I have the information which date they started measuring for each person.
Now I want create a date variable whom change date at midnight (of course), how?
Example from text files:
23:58:02 106
23:58:07 105
23:58:12 103
23:58:17 98
23:58:22 100
23:58:27 97
23:58:32 99
23:58:37 100
23:58:42 99
23:58:47 104
23:58:52 95
23:58:57 96
23:59:02 98
23:59:07 96
23:59:12 104
23:59:17 109
23:59:22 105
23:59:27 111
23:59:32 111
23:59:37 104
23:59:42 110
23:59:47 100
23:59:52 106
23:59:57 114
00:00:02 123
00:00:07 130
00:00:12 130
00:00:17 125
00:00:22 119
00:00:27 116
00:00:32 122
00:00:37 116
00:00:42 119
00:00:47 117
00:00:52 114
00:00:57 114
00:01:02 110
00:01:07 103
00:01:12 98
00:01:17 98
00:01:22 102
00:01:27 97
00:01:32 99
00:01:37 93
00:01:42 97
00:01:47 103
00:01:52 96
00:01:57 93
00:02:02 93
00:02:07 95
00:02:12 106
00:02:17 99
00:02:22 102
00:02:27 96
00:02:32 93
00:02:37 97
00:02:42 102
00:02:47 101
00:02:52 95
00:02:57 92
00:03:02 100
00:03:07 95
00:03:12 102
00:03:17 102
00:03:22 109
00:03:27 109
00:03:32 107
00:03:37 111
00:03:42 112
00:03:47 113
00:03:52 115
Regex:
\d{2}:\d{2}:\d{2} \d*
See here for an example and play around with regex:
https://regex101.com/r/xF1fQ5/1
EDIT: and have a look at the SAS regex tip sheet: http://support.sas.com/rnd/base/datastep/perl_regexp/regexp-tip-sheet.pdf
Something like this:
Date lastDate = startDate;
List<NData> ListData = new ArrayList<NData>();
for(FileData fdat:ListFileData){
Date nDate = this.getDate(lastDate,fdat.gettime());
NData ndata= new NData(ndate,fdat.getMeasuring());
LisData.add(nData);
lastDate = nDate;
}
.
.
.
.
function Date getDate(Date ld,String time){
Calendar cal = Calendar.getInstance();
cal.setTime(ld);
int year = cal.get(Calendar.YEAR);
int month = cal.get(Calendar.MONTH)+1;
int day = cal.get(Calendar.DAY_OF_MONTH);
int hourOfDay = this.getHour(time);
int minuteOfHour = this.getMinute(time);
org.joda.time.LocalDateTime lastDate = new org.joda.time.LocalDateTime(ld)
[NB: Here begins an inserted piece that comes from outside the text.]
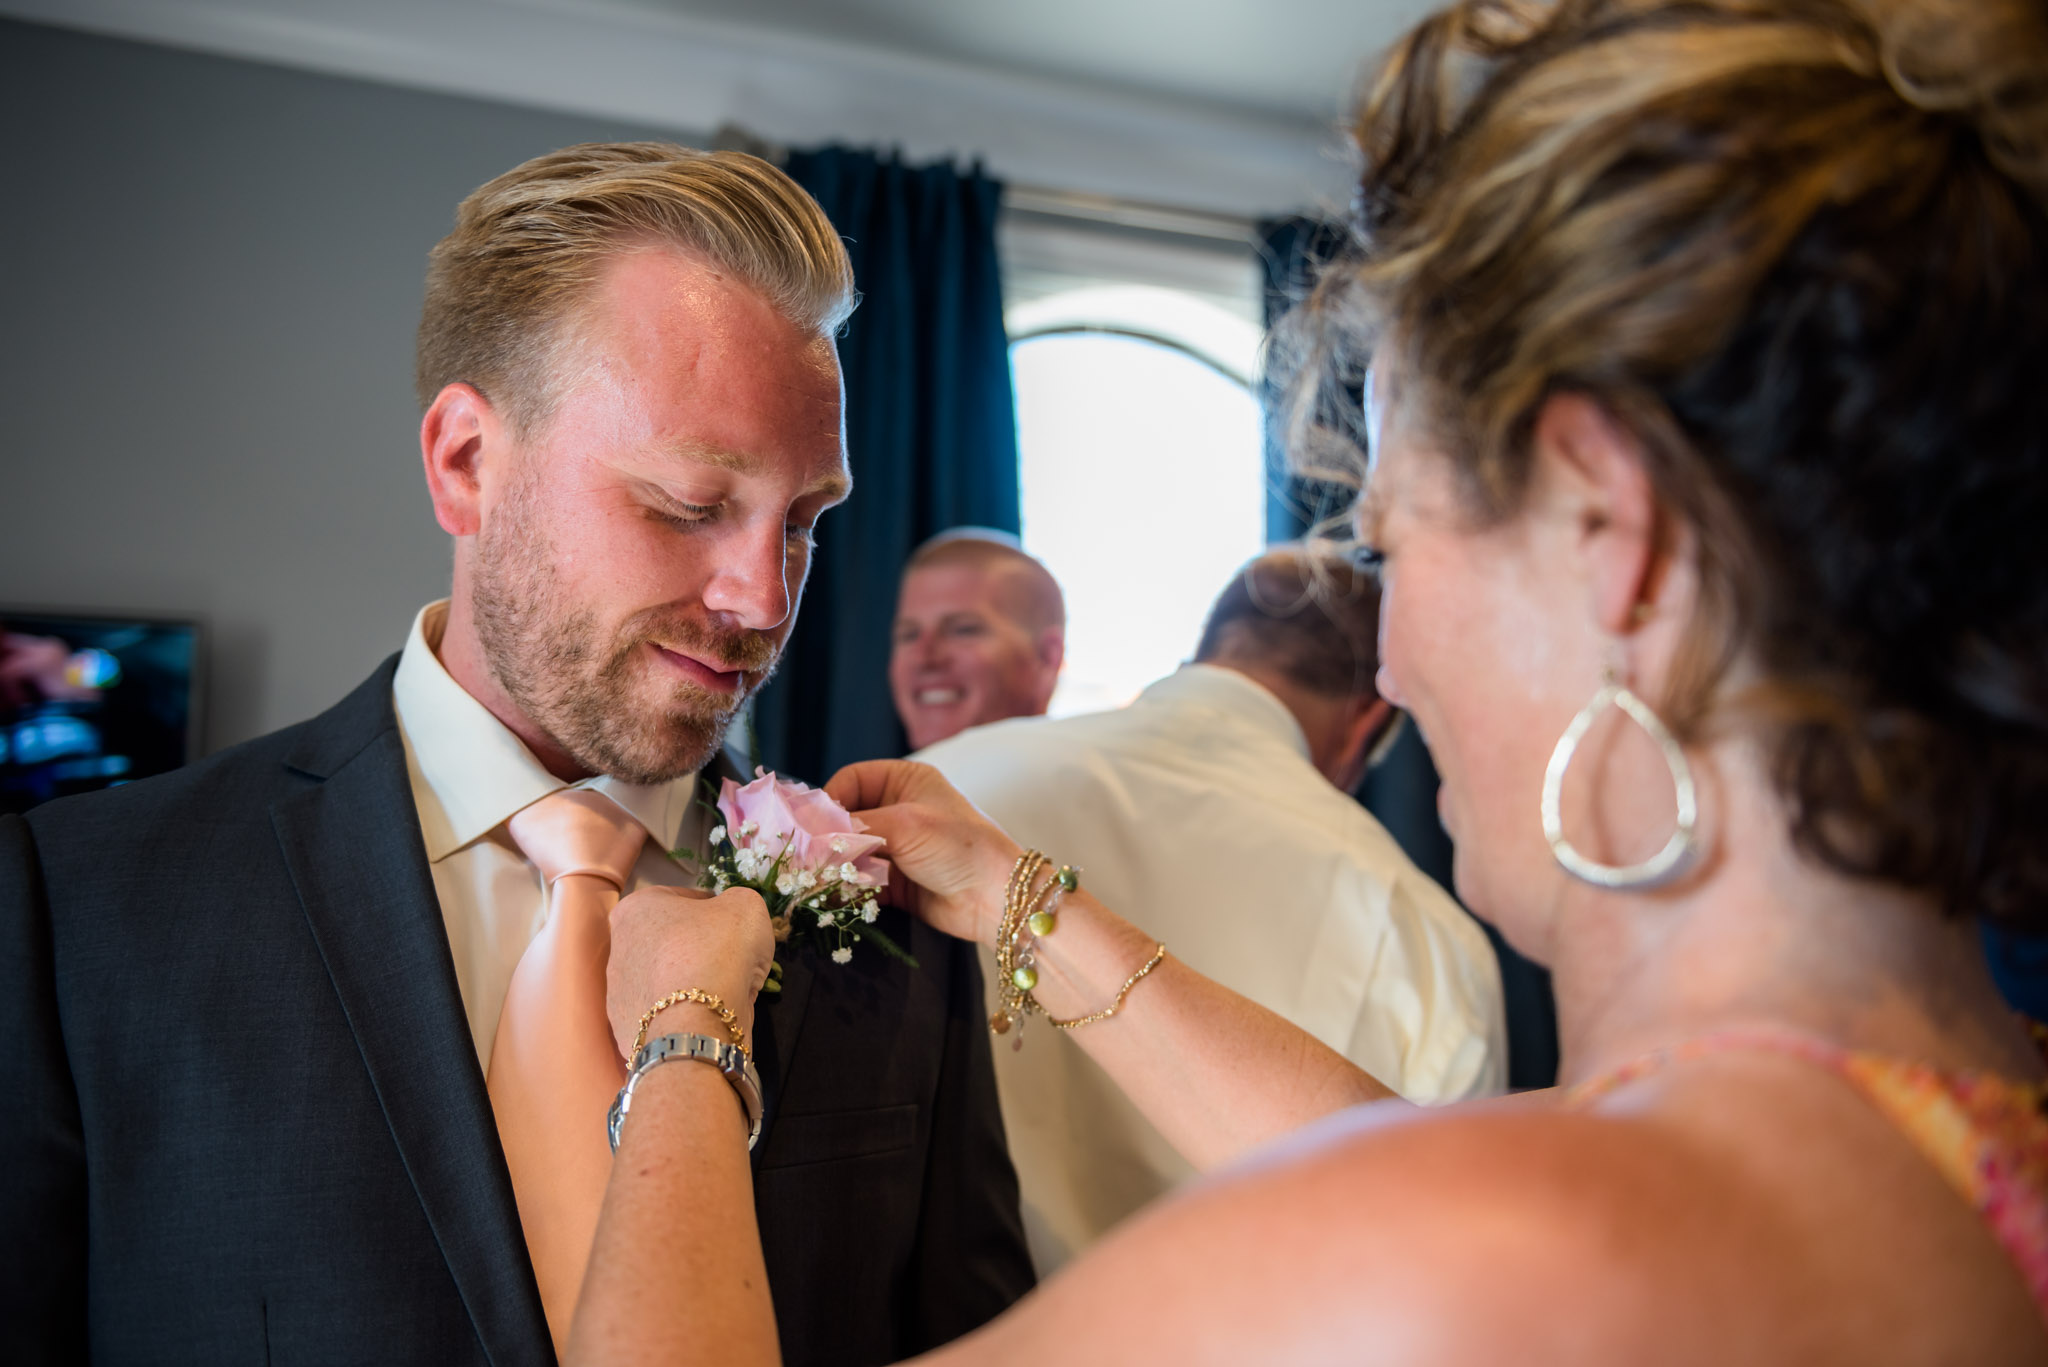 Avensole-Winery-Temecula-Wedding-Josh-and-Olivia-3323.JPG

org.joda.time.LocalDateTime newDate = new org.joda.time.LocalDateTime(year,month,day,hourOfDay,minuteOfHour);
if(newDate.isBefore(lastDate)){
newDate = newDate.plusDays(1);
}
return newDate.toDate();
}
It's hard to provide a complete answer without sample code, but the SAS lag() function might be enough to do what you need. Your data step would include lines like the following, assuming your time variable is called time and your date variable is called date:
retain date;
if time < lag(time) then date = date + 1;
This assumes you never have any 24 hour gaps (but it appears you'd have to assume that anyway).
This answer also assumes that the time field is already in a SAS time format.